M-theoretic Genesis of Topological Phases
Gil Young Cho, Dongmin Gang, Hee-Cheol Kim
TL;DR
This work establishes a novel bridge between M-theory and (2+1)d topological phases by encoding topological order data in non-hyperbolic 3-manifolds via wrapped M5-branes. It provides a systematic algorithm to extract modular data (S,T, GSD) from 3-manifold topology, reproducing all unitary bosonic topological orders up to rank 4 and extending to fermionic and non-unitary theories through nontrivial $H_1(M,\mathbb{Z}_2)$ via 1-form symmetry gauging. By linking Dehn surgery and Seifert-fibered manifolds to explicit 3d ${\cal N}=2$ gauge theories, the approach yields UV-complete descriptions whose IR physics is a TFT[M], with a flat-connection–loop-operator dictionary that recovers the anyon data. The framework suggests a broad program: all (2+1)d topological phases may be geometrically realized by M5-branes on suitable non-hyperbolic 3-manifolds, with extensions to higher rank and non-unitary/fermionic theories and potential new mathematics of non-hyperbolic manifolds. The work also notes avenues beyond modular data and conjectures connecting 3-manifold invariants to universal properties of topological phases, inviting further cross-pollination between physics and 3-manifold topology.
Abstract
We present a novel M-theoretic approach of constructing and classifying anyonic topological phases of matter, by establishing a correspondence between (2+1)d topological field theories and non-hyperbolic 3-manifolds.
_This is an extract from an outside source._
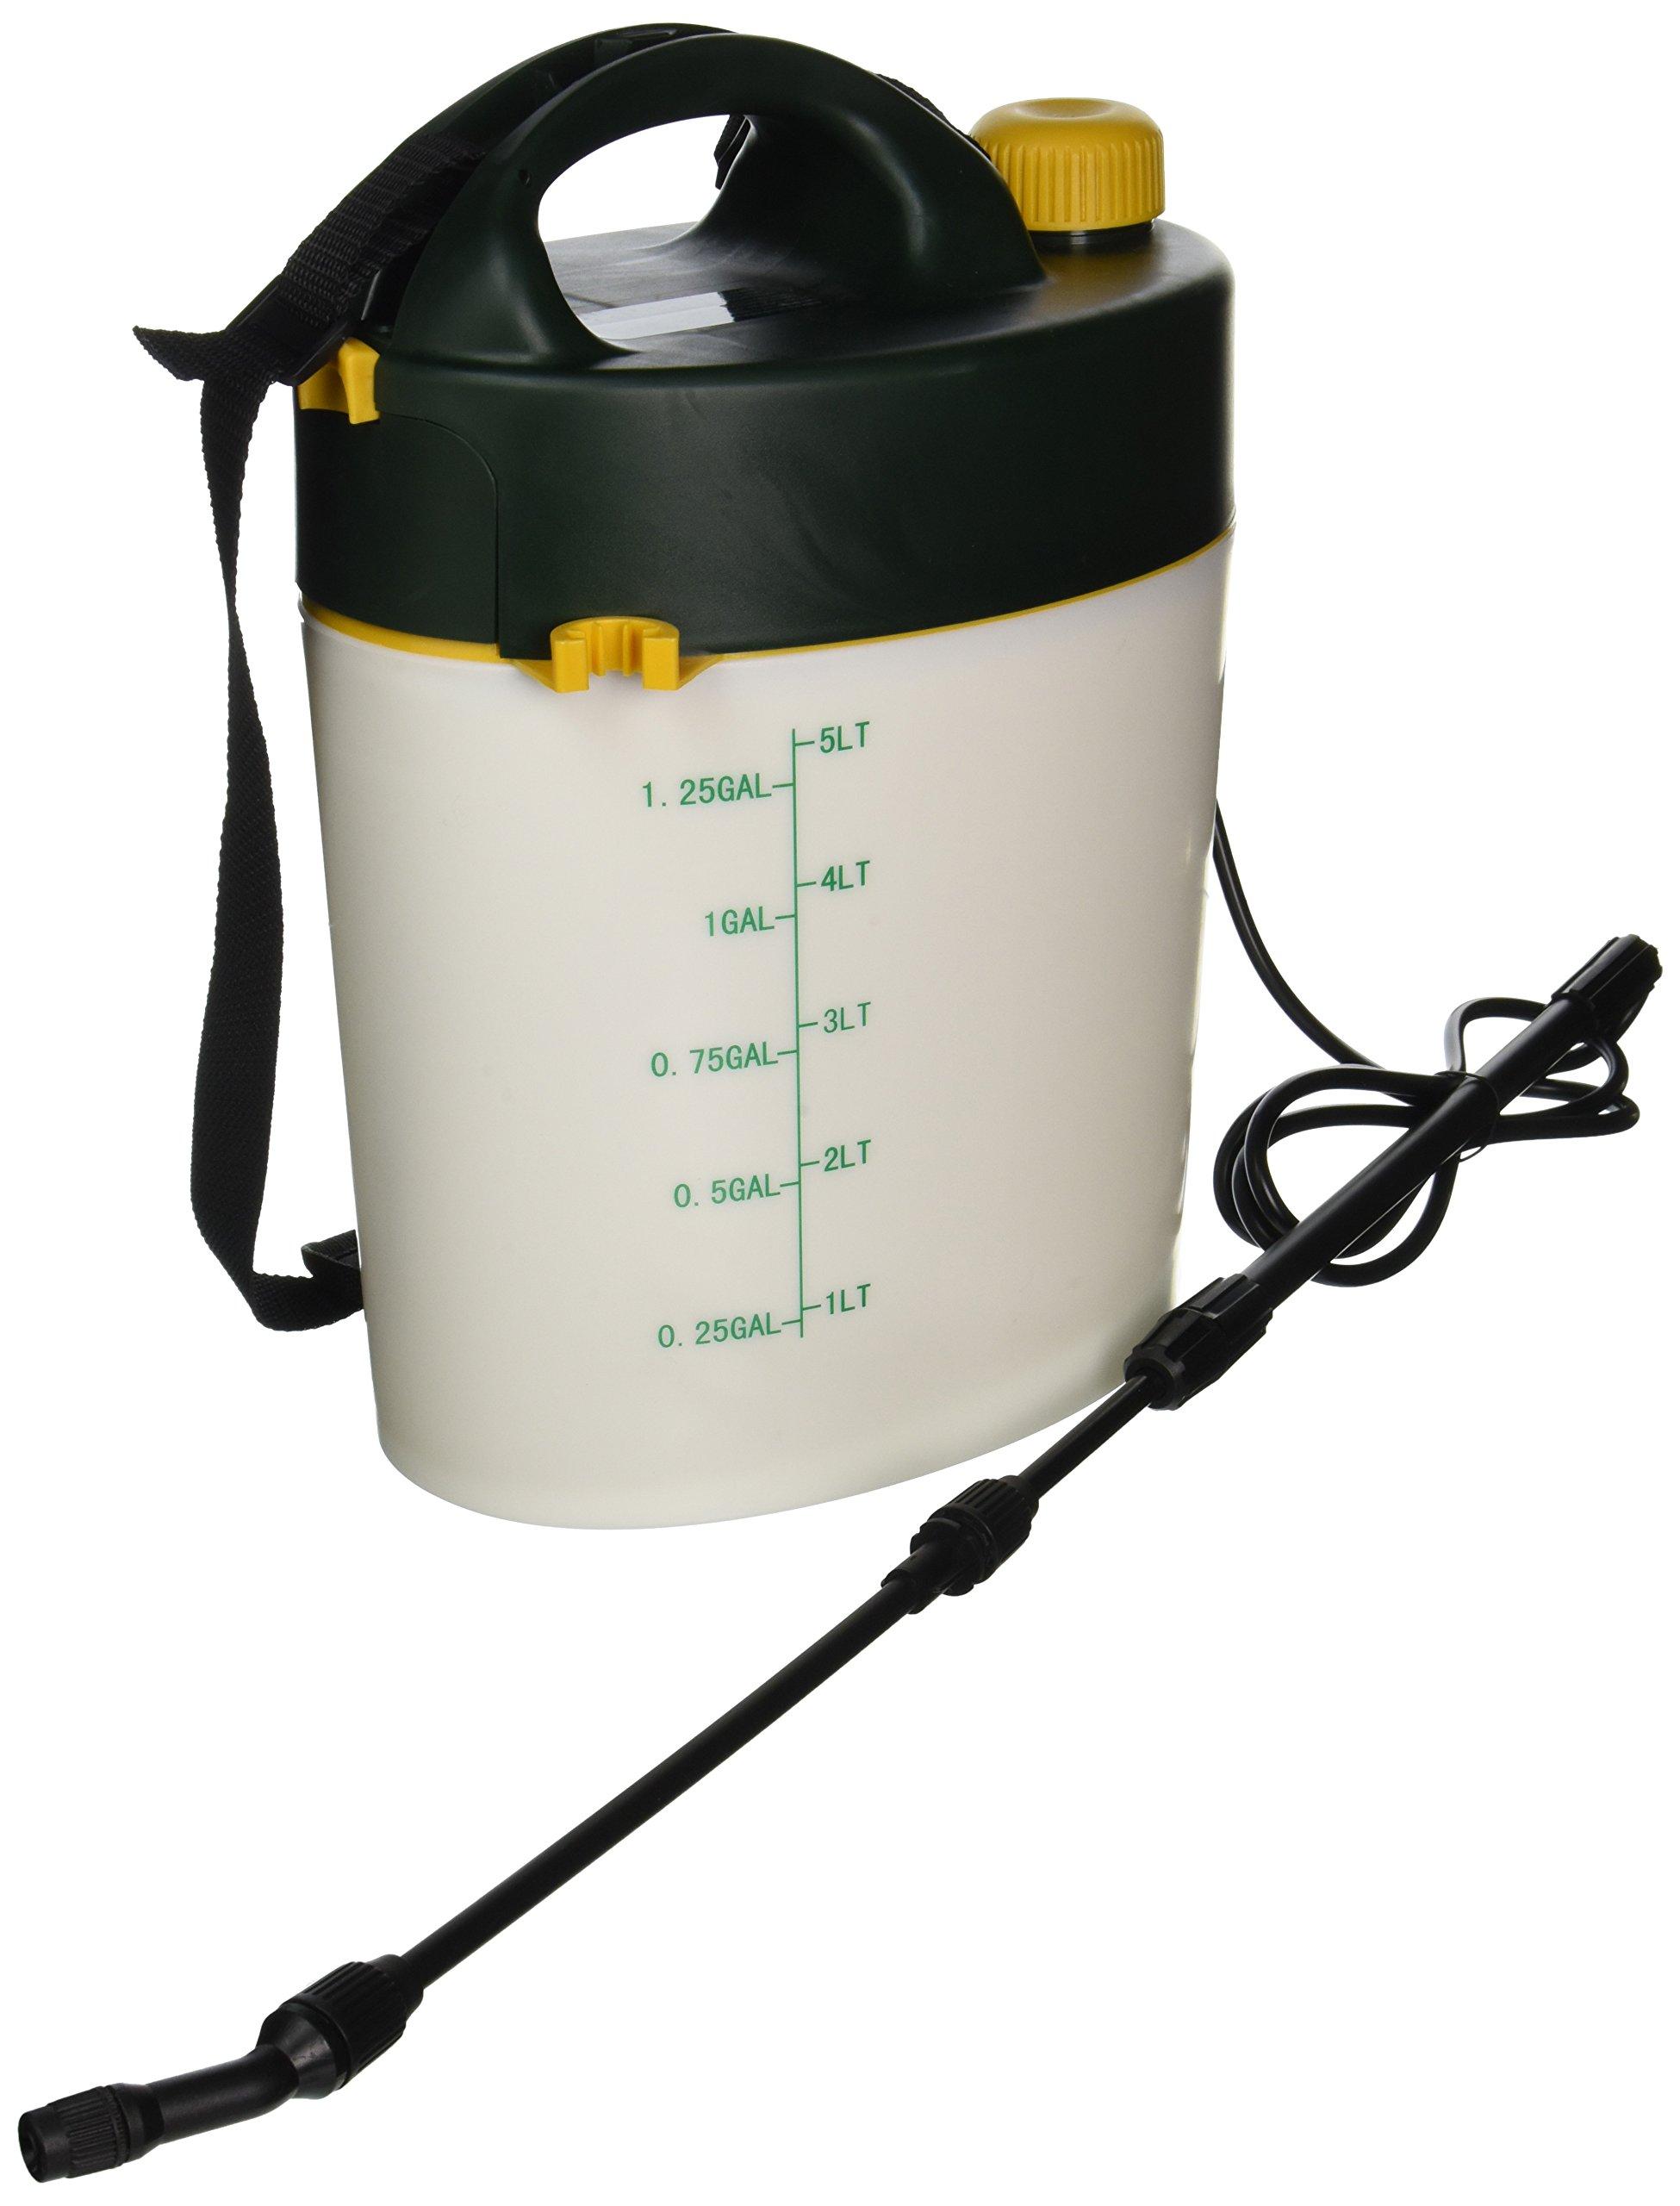 HUDSON 13581 Battery Power Sprayer, 1.3 Gallon by HUDSON

In this construction, the topological phases emerge as macroscopic world-volume theories of M5-branes wrapped around certain types of non-hyperbolic 3-manifolds. We devise a systematic algorithm for identifying the emergent topological phases from topological data of the internal wrapped 3-manifolds. As a benchmark of our approach, we reproduce all the known unitary bosonic topological orders up to rank 4. Remarkably, our construction is not restricted to an unitary bosonic theory but it can also generate fermionic and/or non-unitary topological phases in an equivalent fashion. Hence, we pave a new route toward the classification of topological phases of matter.